Книги

Мастерство Некрасова

22
18
20
22
24
26
28
30

«Граф был образцом добродетели!»

Прославление добродетели являлось таким же оплотом николаевской кнутобойной монархии, как пресловутая казенная триада: «православие, самодержавие, народность».

Поэтому представителям прогрессивного лагеря необходимо было разоблачать это взлелеянное крепостничеством слово, показать, что оно входит в систему правительственного лицемерия, государственной лиги.

Это и было начато «Мертвыми душами». Там уже в первой главе мы читаем про отъявленного пройдоху и плута:

«Говорили ли о добродетели, и о добродетели рассуждал он очень хорошо, даже со слезами на глазах».

Некрасов в своих ранних сатирах пошел по тому же пути.
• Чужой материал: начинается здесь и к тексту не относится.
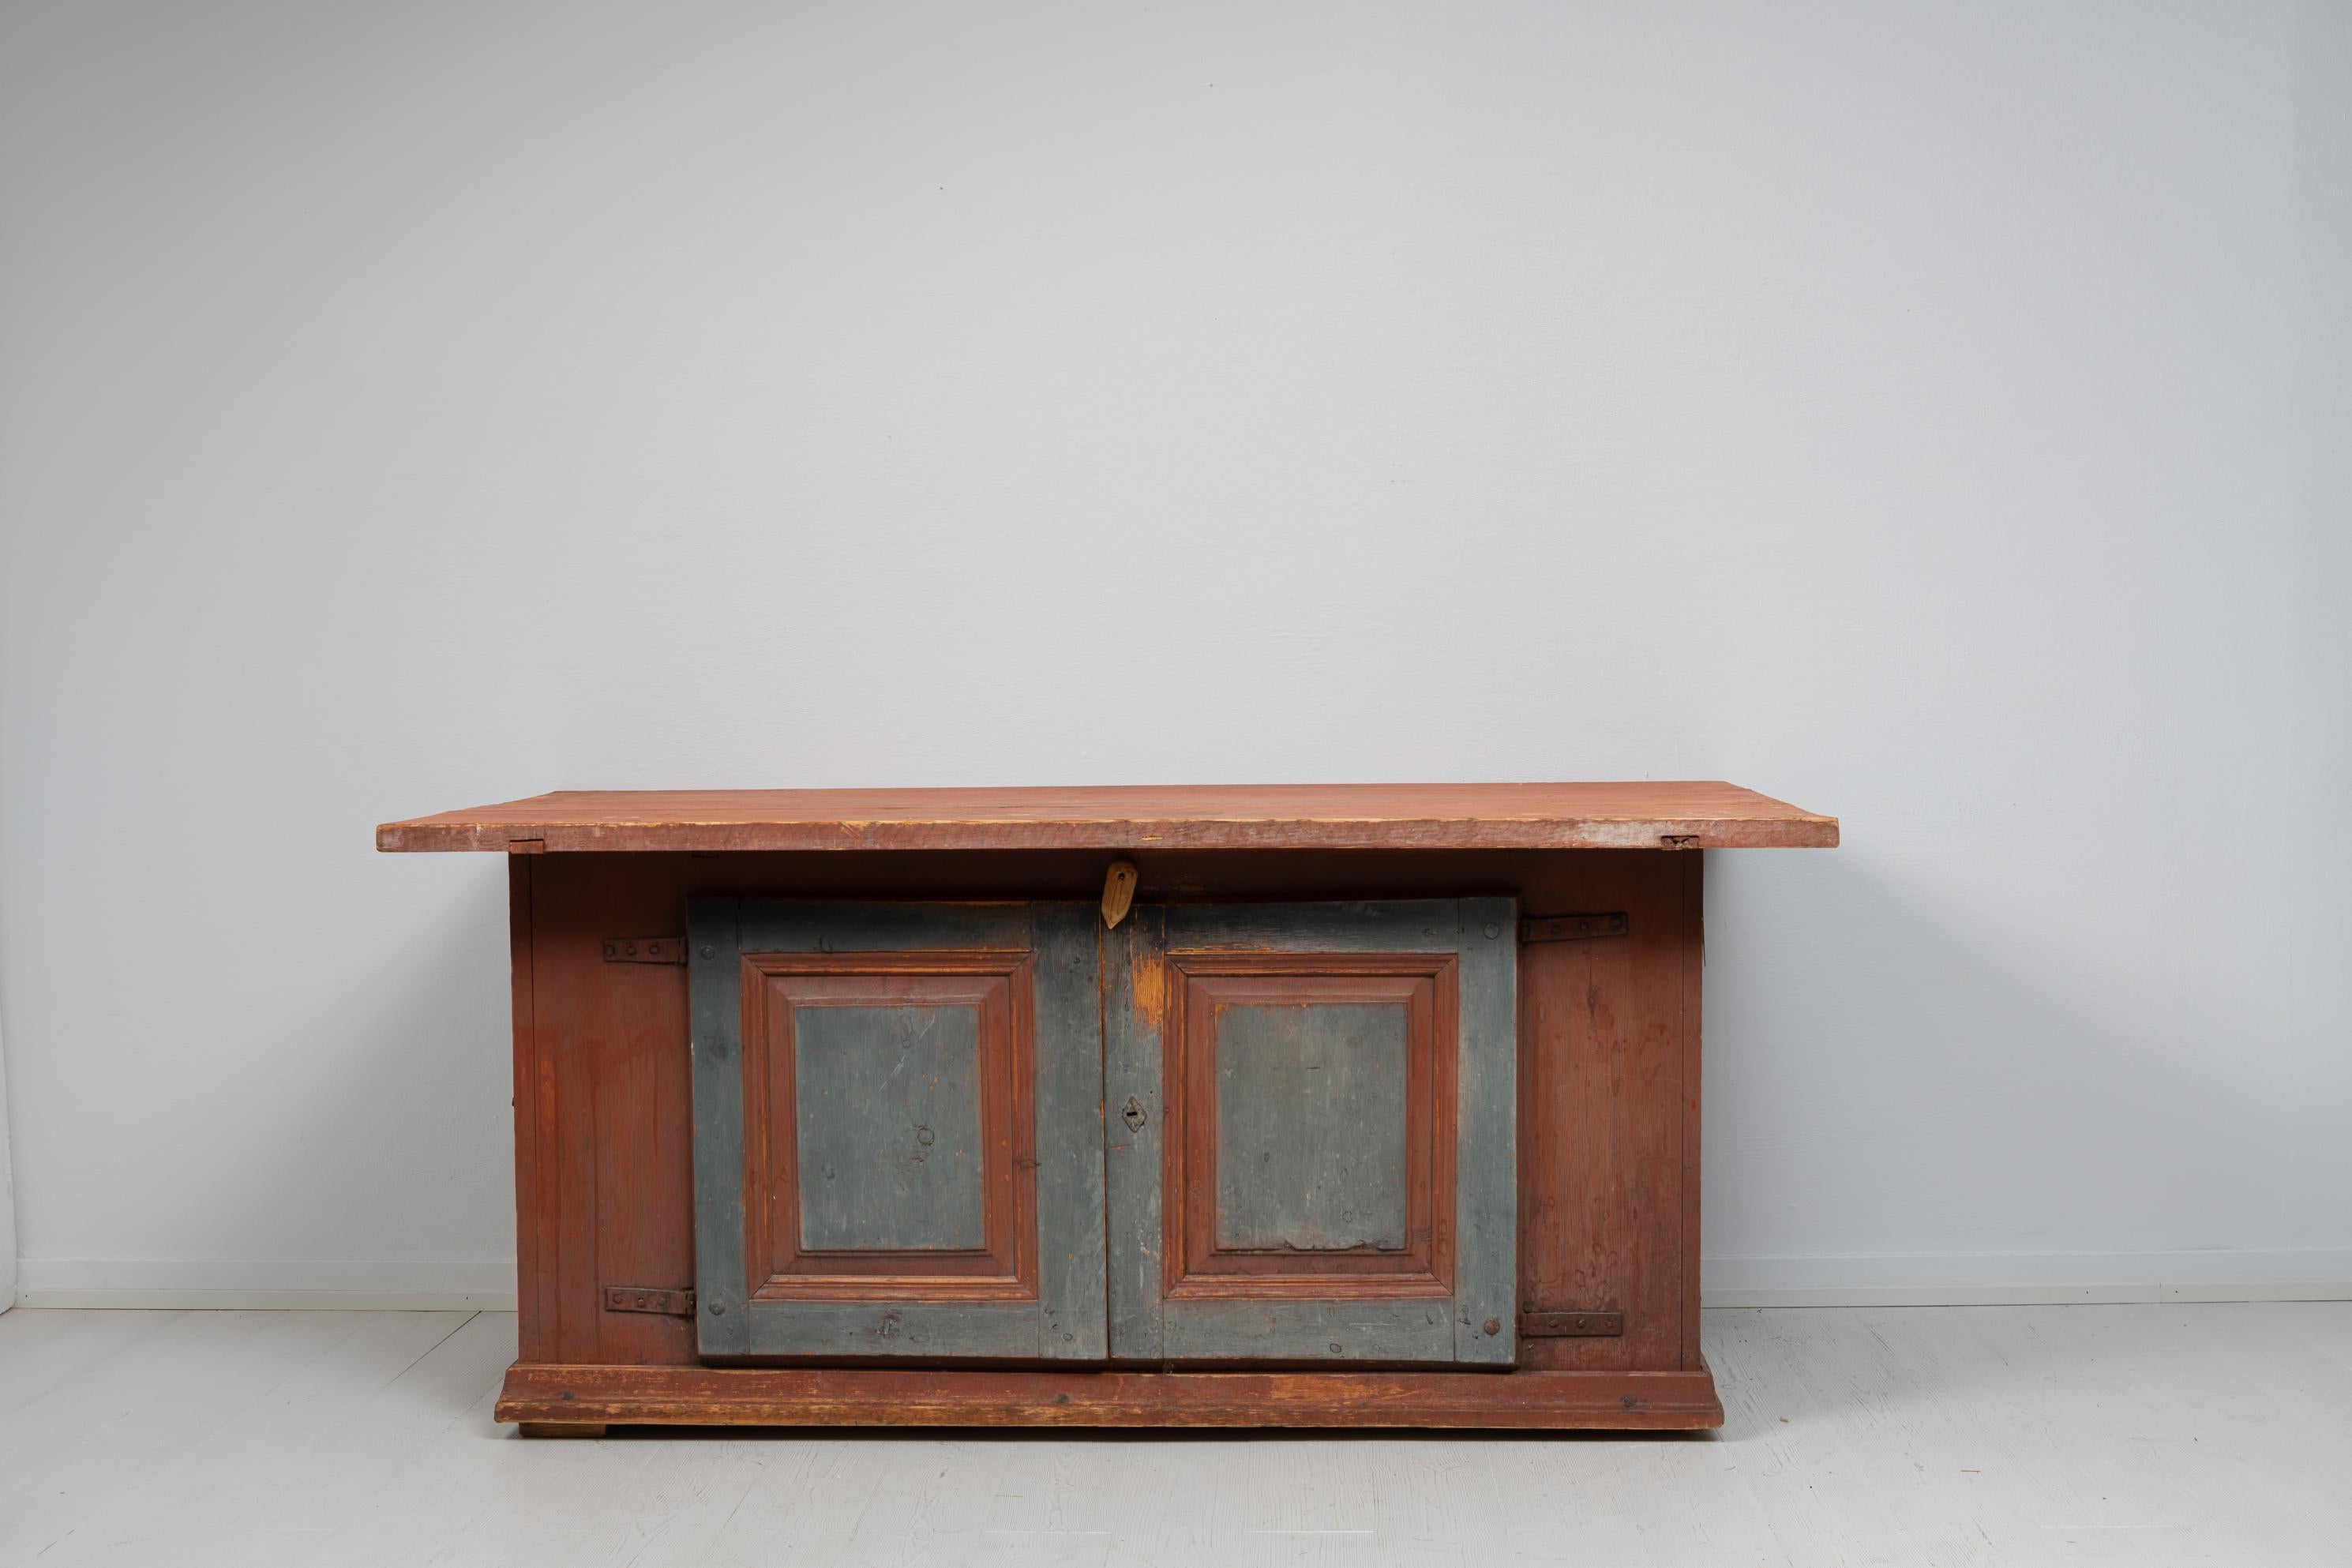 Table d'appoint de maison de campagne fabriquée à la main dans un modèle inhabituel. La table est de l'art populaire de Suède et a été fabriquée au début des années 1800. Il s'agit d'un modèle inhabituel car il combine des aspects des tables et des
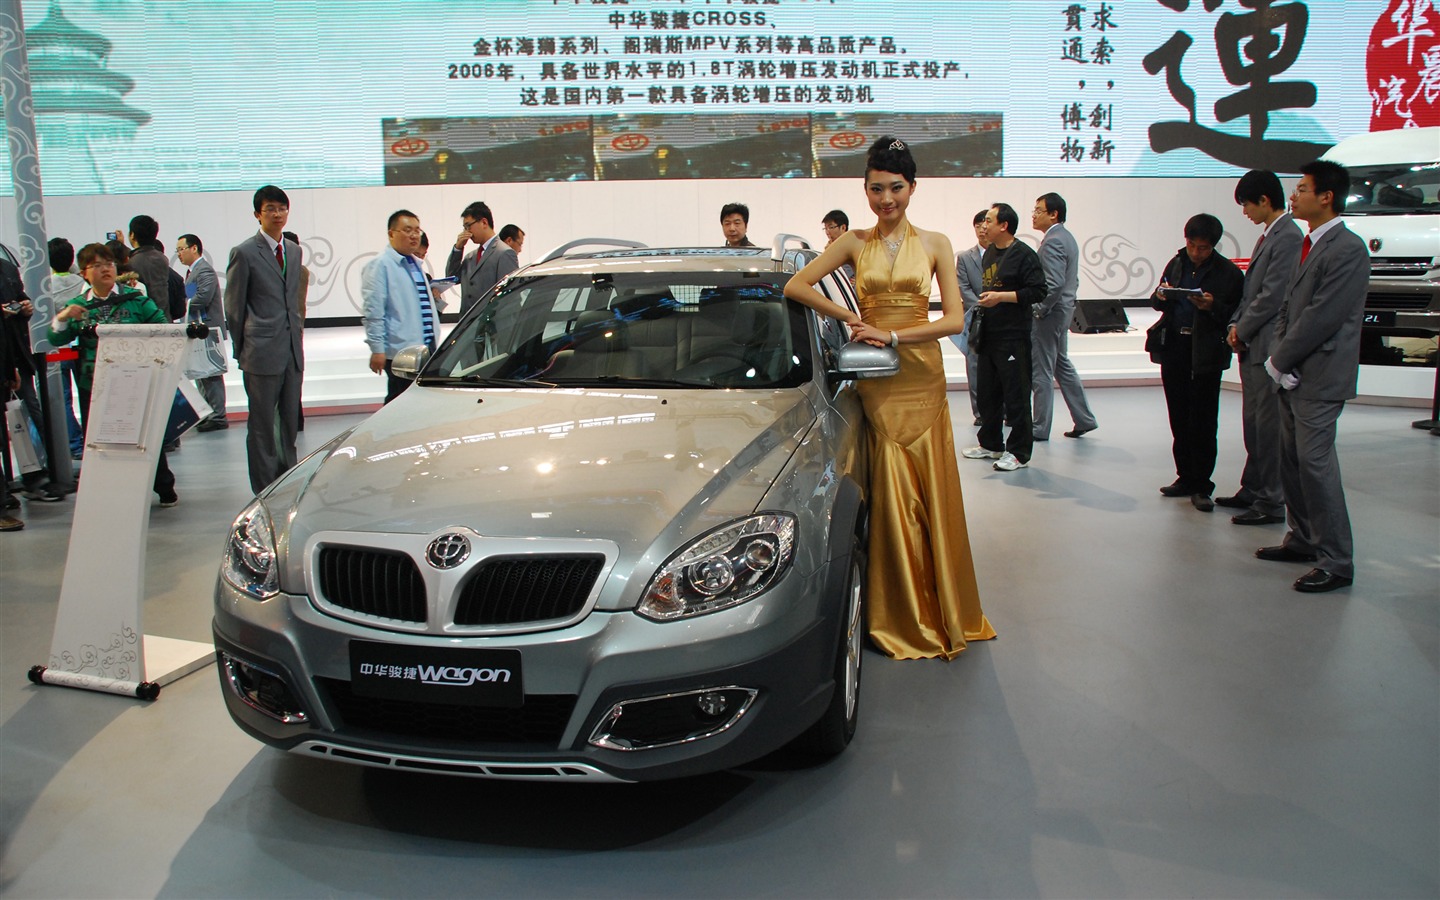 2010北京国际车展(一) (z321x123作品)18 - 1440x900

В каждой из них слово добродетель он прочно прикрепил к негодяям.

В «Современной оде» он так и говорит одному из них:

Украшают тебя добродетели, До которых другим далеко. (I, 11)

В стихотворении «Чиновник» такой же стяжатель и вор славит добродетель по-чичиковски:

И называл святую добродетель Первейшим украшением души. (I, 194) Третий сам говорит о себе: «...я благонамерен, За добро стою!» (I, 20)

(На казарменно-казенном языке того времени «благонамеренность» и «добродетель» — синонимы.)

Четвертый даже похваляется своей добродетелью:

Живя согласно с строгою моралью, Я никому не сделал в жизни зла. (I, 45)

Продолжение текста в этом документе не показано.